Embattled Nokia yesterday reported a narrower operating loss, defying the market's expectation that the group would report a larger loss in the third three months of the year.
However, its net sales slowed down and its International Financial Reporting Standards (IFRS) operating loss was EUR576 billion, which narrowed compared to the last quarter. The group yesterday said it saw net sales of EUR7.2 billion, compared with EUR8.98 billion a year ago, and EUR7.5 billion last quarter. Smart device sales fell from EUR2.2 billion a year ago to EUR976 million.
Ahead of the results, analysts expected Nokia to report yet another quarterly loss, citing concerns such as anticipated low Lumia shipments. Nokia's devices and services unit, which incorporates its handsets, turned over EUR3.6 billion, but reported an operating loss of EUR683 billion.
CEO Stephen Elop said the group had expected the third quarter to be difficult for its devices and services business. However, Nokia is pleased that it returned to operating profitability on a non-IFRS basis.
Its non-IFRS operating profit was EUR78 million, a year-on-year decline of 69%, but an improvement on the EUR327 million loss reported last quarter.

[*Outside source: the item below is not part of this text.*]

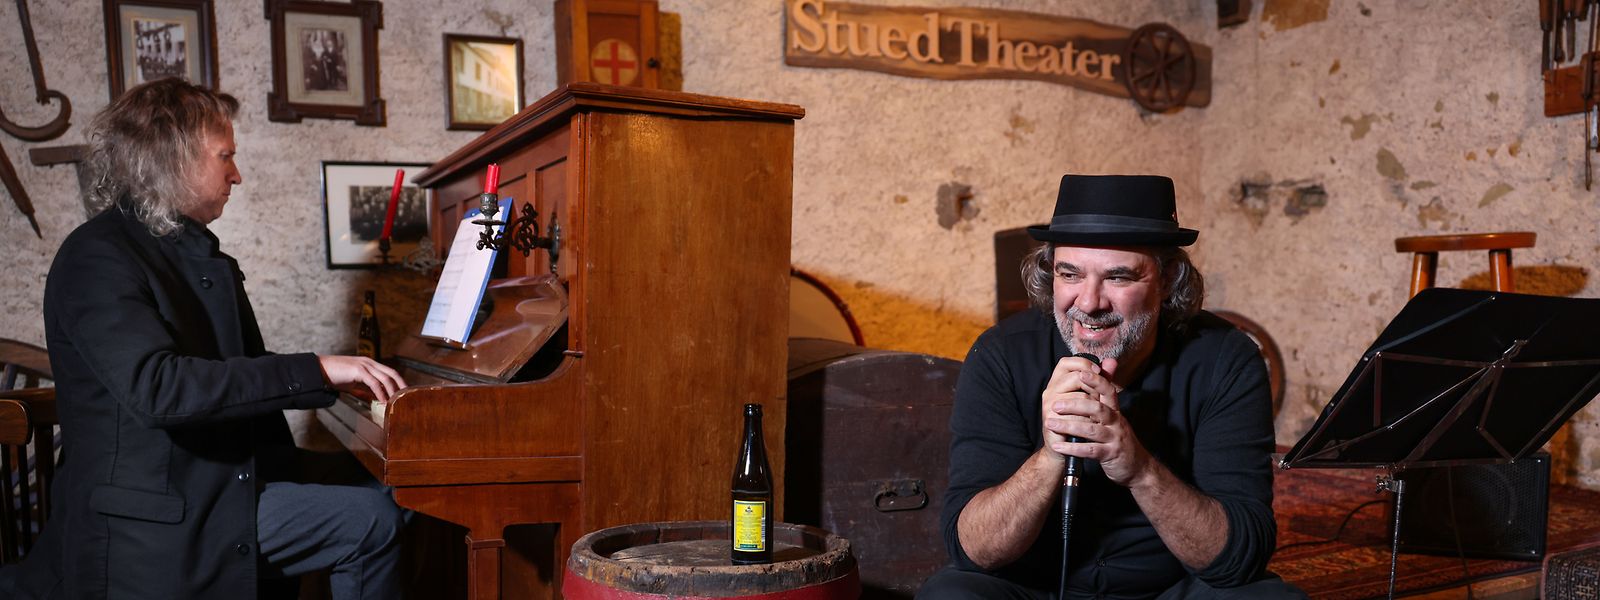 Georges Urwald (l.) und Serge Tonnar, Klavier und Stimme, eine Flasche Bier oder ein Glas Wein, ein Liederabend in einer alten urigen Werkstatt am Moselgestade in Grevenmacher.

Lumia third-quarter volumes decreased quarter-on-quarter to 2.9 million units. "In Q3, we continued to manage through a tough transitional quarter for our smart devices business as we shared the exciting innovation ahead with our new line of Lumia products," said Elop.
Nokia will launch new phones next month and has cut the price of its current inventory, which is weighing on margins.
"While we continue to focus on transitioning Nokia, we are determined to carefully manage our financial resources, improve our competitiveness, return our devices and services business to positive operating cash flow as quickly as possible, and ultimately provide more value to our shareholders," says Elop.
Stock in Nokia lost 4.76% to close at $2.80 during trade in New York yesterday, before rebounding slightly in after-hours trade.